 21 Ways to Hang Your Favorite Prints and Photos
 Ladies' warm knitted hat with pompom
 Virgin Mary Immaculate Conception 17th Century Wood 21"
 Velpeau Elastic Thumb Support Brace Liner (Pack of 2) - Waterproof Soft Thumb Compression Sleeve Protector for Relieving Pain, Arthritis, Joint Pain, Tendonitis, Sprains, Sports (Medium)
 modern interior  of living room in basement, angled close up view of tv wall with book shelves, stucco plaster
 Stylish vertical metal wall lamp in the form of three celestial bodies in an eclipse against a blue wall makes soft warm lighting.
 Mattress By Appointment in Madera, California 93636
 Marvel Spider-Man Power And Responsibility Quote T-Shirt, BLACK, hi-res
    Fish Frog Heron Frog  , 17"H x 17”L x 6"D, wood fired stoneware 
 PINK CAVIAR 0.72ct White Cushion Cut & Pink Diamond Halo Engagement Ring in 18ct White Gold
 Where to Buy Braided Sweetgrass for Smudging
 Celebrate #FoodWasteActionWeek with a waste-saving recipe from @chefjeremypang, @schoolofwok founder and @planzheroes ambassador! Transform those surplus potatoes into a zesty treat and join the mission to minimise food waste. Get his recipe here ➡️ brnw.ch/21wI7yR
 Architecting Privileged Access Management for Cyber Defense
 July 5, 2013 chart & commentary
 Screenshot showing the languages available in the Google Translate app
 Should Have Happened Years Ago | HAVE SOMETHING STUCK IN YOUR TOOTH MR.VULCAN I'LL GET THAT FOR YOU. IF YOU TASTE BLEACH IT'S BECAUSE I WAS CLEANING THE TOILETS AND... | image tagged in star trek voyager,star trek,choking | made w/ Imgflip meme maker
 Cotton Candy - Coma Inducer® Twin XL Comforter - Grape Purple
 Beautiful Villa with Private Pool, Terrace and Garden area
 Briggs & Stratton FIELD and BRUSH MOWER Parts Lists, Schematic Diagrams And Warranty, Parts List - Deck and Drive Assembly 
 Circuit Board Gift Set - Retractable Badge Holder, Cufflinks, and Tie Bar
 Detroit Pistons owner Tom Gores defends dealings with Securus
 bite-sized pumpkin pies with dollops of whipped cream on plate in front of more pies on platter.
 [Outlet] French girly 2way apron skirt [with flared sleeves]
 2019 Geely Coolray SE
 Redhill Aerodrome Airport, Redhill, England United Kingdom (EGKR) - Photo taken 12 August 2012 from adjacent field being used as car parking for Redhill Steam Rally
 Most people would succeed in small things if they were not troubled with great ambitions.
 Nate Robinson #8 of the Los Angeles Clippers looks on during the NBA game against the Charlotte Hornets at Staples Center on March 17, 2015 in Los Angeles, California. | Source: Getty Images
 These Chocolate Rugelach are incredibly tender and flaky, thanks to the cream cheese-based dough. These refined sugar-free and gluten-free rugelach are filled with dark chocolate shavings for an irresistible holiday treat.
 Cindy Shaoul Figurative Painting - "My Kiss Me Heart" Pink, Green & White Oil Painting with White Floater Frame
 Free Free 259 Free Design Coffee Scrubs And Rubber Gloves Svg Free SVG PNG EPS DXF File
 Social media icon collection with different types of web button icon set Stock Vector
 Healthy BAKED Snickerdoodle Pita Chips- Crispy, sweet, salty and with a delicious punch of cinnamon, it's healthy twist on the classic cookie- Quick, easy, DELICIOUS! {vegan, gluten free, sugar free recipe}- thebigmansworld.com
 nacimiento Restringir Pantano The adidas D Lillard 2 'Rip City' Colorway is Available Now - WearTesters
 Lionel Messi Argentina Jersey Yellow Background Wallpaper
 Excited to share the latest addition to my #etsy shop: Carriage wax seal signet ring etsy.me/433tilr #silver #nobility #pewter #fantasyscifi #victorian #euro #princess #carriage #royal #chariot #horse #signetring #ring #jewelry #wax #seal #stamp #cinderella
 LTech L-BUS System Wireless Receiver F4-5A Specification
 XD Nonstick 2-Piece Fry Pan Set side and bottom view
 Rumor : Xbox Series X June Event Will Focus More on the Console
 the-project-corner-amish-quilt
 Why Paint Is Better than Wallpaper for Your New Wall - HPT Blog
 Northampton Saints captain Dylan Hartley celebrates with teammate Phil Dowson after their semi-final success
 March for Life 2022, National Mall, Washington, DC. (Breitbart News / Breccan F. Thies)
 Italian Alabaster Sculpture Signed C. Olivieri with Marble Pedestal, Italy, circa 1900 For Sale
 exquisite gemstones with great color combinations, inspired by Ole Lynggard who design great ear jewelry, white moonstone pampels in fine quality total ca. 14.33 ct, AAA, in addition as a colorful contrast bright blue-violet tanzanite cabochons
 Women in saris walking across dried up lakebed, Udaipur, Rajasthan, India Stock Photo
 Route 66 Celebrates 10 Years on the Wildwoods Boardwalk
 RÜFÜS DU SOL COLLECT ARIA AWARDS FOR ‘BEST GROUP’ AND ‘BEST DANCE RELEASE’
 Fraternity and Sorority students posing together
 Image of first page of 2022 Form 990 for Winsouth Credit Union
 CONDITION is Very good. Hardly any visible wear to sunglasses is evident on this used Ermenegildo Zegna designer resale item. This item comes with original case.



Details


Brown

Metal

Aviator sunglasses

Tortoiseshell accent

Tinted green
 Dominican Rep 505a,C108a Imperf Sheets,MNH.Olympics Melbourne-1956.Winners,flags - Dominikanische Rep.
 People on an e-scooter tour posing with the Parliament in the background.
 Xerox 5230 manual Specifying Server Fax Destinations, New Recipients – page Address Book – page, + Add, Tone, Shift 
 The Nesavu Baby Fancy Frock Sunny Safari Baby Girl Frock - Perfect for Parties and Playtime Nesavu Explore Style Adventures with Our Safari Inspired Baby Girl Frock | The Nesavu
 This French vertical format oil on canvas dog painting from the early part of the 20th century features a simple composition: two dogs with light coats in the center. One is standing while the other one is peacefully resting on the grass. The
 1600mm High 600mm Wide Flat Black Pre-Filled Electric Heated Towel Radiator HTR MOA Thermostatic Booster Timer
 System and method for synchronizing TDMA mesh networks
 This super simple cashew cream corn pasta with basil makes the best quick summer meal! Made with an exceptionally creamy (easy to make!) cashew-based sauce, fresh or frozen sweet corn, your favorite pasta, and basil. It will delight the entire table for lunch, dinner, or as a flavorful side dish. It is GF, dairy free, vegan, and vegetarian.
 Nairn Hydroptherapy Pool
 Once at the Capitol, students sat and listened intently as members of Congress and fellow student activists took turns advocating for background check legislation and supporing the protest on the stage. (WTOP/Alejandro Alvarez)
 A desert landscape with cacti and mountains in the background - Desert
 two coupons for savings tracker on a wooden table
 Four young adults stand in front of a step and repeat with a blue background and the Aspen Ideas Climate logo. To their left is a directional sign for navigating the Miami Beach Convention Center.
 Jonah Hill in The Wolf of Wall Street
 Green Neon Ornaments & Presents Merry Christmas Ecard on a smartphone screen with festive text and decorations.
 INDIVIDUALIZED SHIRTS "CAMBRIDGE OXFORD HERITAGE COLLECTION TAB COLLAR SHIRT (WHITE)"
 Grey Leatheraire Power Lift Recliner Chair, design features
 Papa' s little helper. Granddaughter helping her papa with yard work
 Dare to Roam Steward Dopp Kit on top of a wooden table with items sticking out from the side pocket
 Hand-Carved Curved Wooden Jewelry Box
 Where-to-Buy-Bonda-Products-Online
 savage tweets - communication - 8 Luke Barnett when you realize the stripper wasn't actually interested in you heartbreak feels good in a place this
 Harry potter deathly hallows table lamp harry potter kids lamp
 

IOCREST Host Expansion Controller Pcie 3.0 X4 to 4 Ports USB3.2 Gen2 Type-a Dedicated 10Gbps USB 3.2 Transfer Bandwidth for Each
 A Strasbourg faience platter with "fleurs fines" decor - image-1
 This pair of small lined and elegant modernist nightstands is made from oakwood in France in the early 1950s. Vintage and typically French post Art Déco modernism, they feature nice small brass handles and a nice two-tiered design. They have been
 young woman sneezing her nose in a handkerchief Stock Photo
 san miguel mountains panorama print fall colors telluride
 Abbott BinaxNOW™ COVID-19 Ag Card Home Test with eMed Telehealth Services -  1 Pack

▶ **REQUIRED WORK**
Restate word for word only the lines above from the line containing "March for Life" to the line containing "CONDITION is Very", both of them included.

▶ **RESPONSE AREA**
 March for Life 2022, National Mall, Washington, DC. (Breitbart News / Breccan F. Thies)
 Italian Alabaster Sculpture Signed C. Olivieri with Marble Pedestal, Italy, circa 1900 For Sale
 exquisite gemstones with great color combinations, inspired by Ole Lynggard who design great ear jewelry, white moonstone pampels in fine quality total ca. 14.33 ct, AAA, in addition as a colorful contrast bright blue-violet tanzanite cabochons
 Women in saris walking across dried up lakebed, Udaipur, Rajasthan, India Stock Photo
 Route 66 Celebrates 10 Years on the Wildwoods Boardwalk
 RÜFÜS DU SOL COLLECT ARIA AWARDS FOR ‘BEST GROUP’ AND ‘BEST DANCE RELEASE’
 Fraternity and Sorority students posing together
 Image of first page of 2022 Form 990 for Winsouth Credit Union
 CONDITION is Very good. Hardly any visible wear to sunglasses is evident on this used Ermenegildo Zegna designer resale item. This item comes with original case.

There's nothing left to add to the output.